═══ Data excerpt
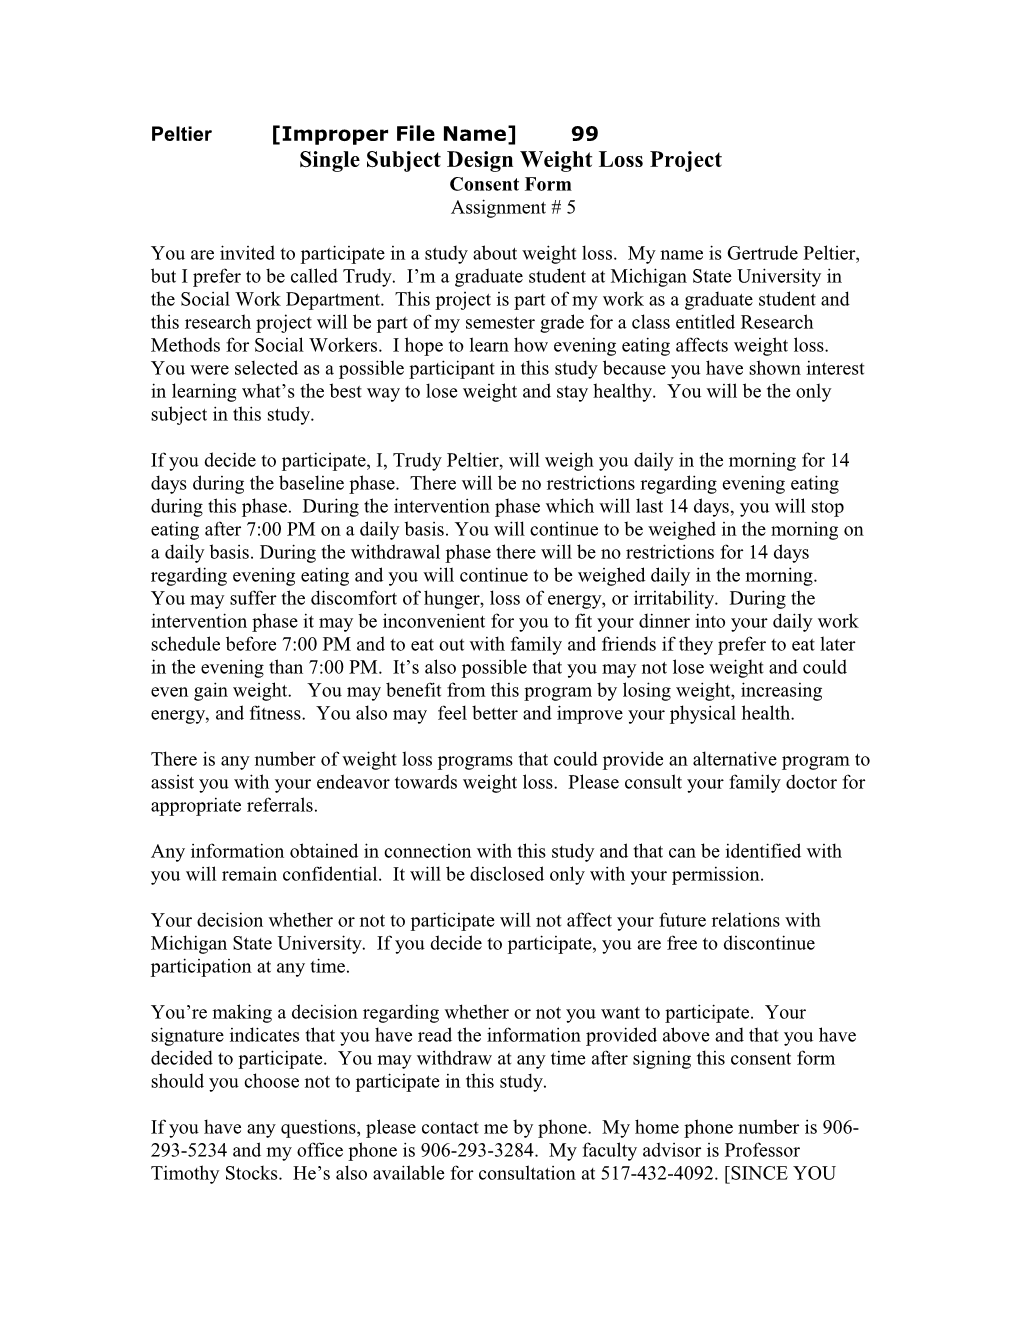 Single Subject Design Weight Loss Project
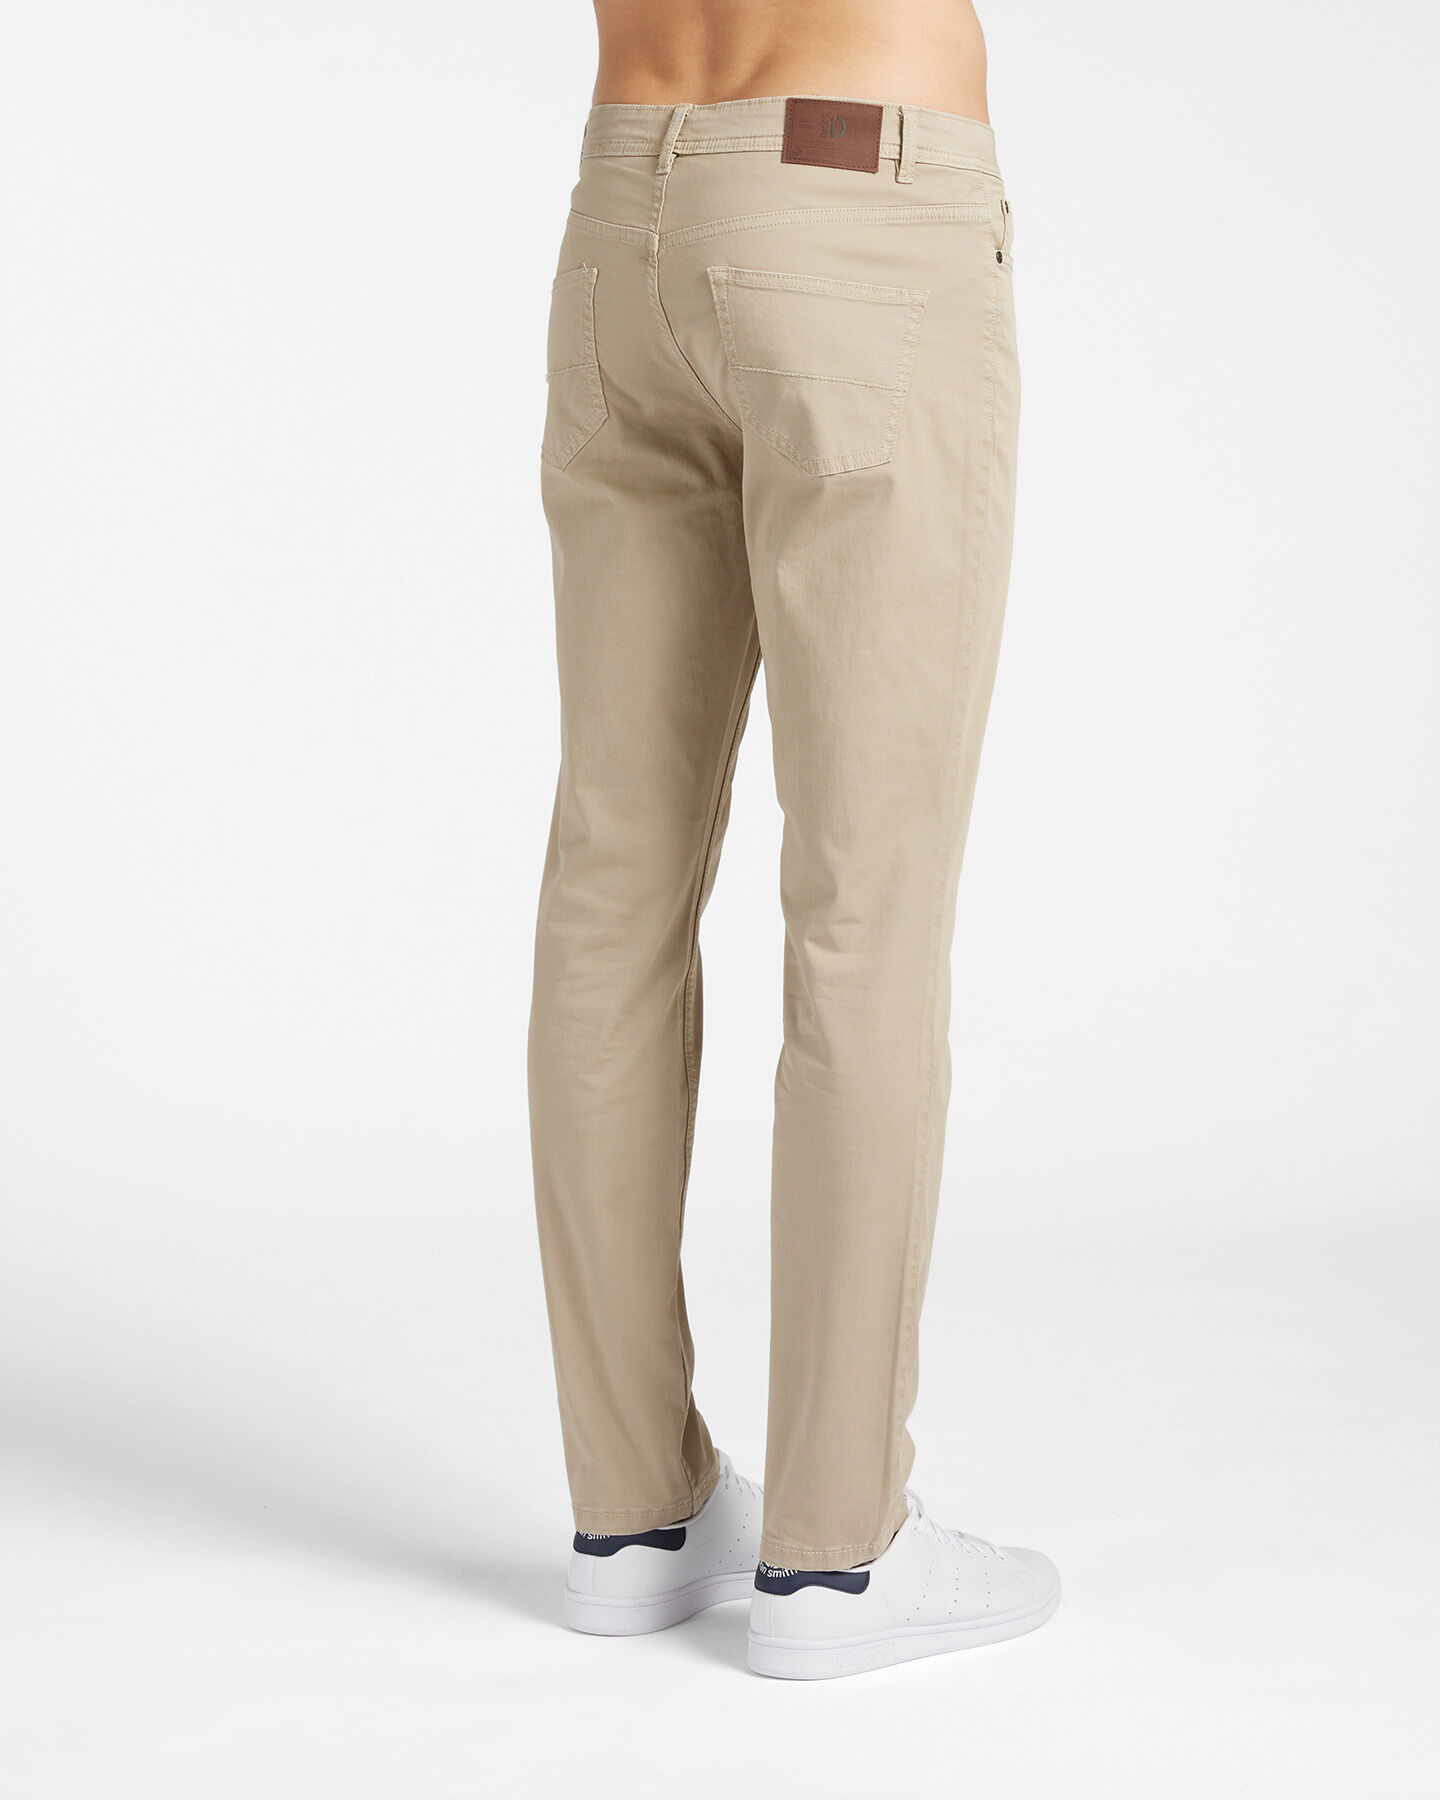  Pantalone DACK'S BASIC COLLECTION M S4118684|1129|44 scatto 1
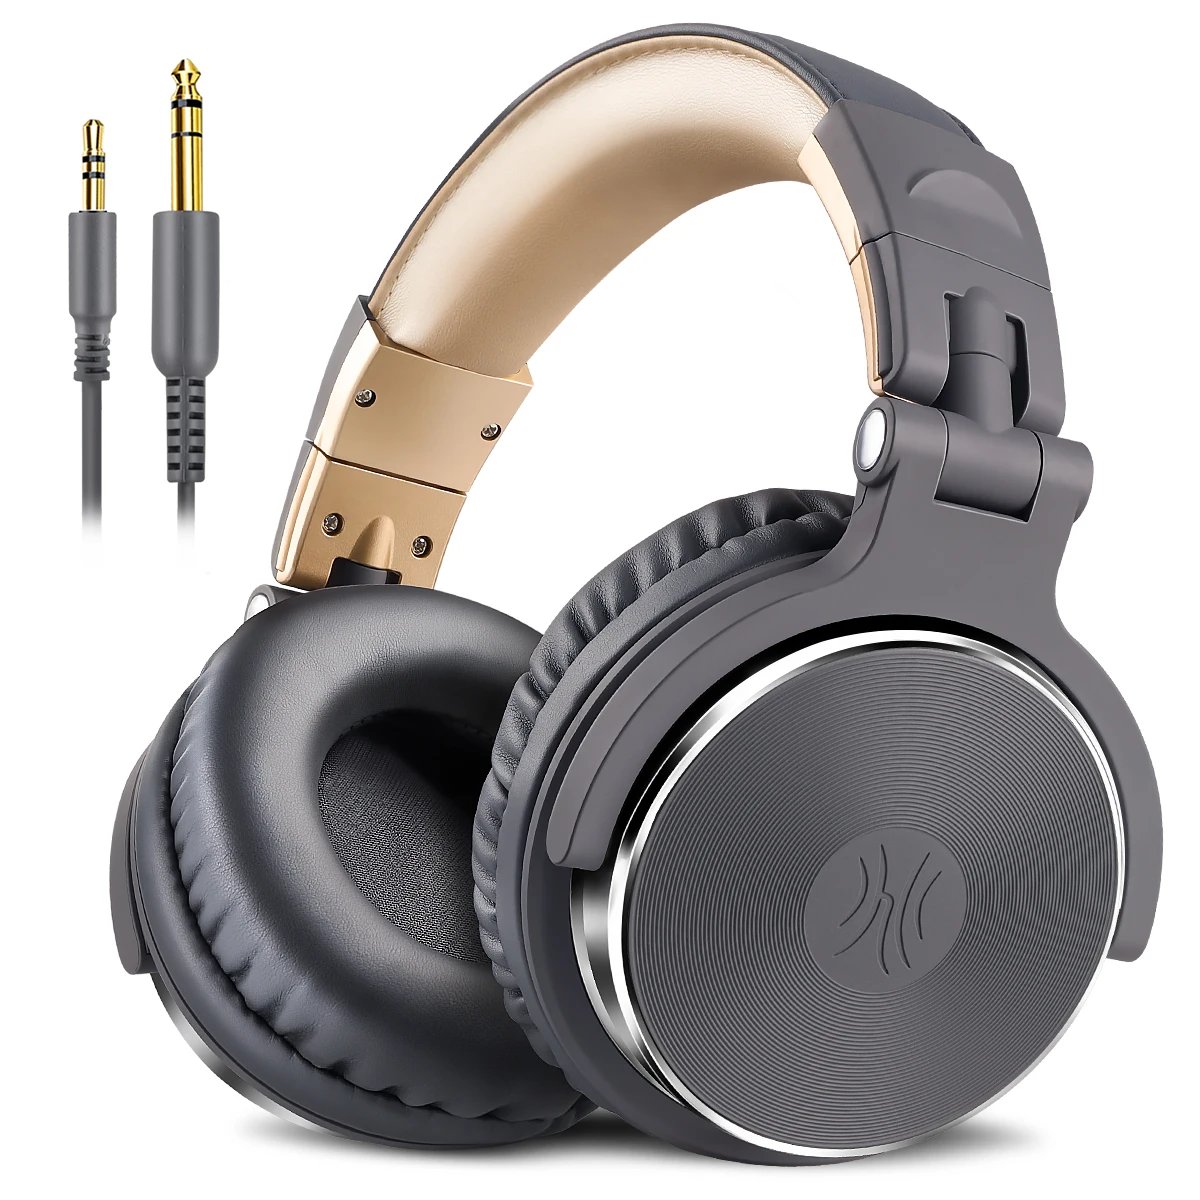 Oneodio Pro 10 Wired Over Ear Dj Headphones Hifi Studio Monitor Music  Gaming Wholesale Headphone For Phone Computer Pc With Mic - Buy Wholesale  Headphone,Oneodio,Earphone Headphon Product on Alibaba.com
══════
▶ _Directions_: Nothing but an exact transcription of the material, without pictures, should be returned.

▶ _Response_:
 Single Subject Design Weight Loss Project
  Pantalone DACK'S BASIC COLLECTION M S4118684|1129|44 scatto 1
 Oneodio Pro 10 Wired Over Ear Dj Headphones Hifi Studio Monitor Music  Gaming Wholesale Headphone For Phone Computer Pc With Mic - Buy Wholesale  Headphone,Oneodio,Earphone Headphon Product on Alibaba.com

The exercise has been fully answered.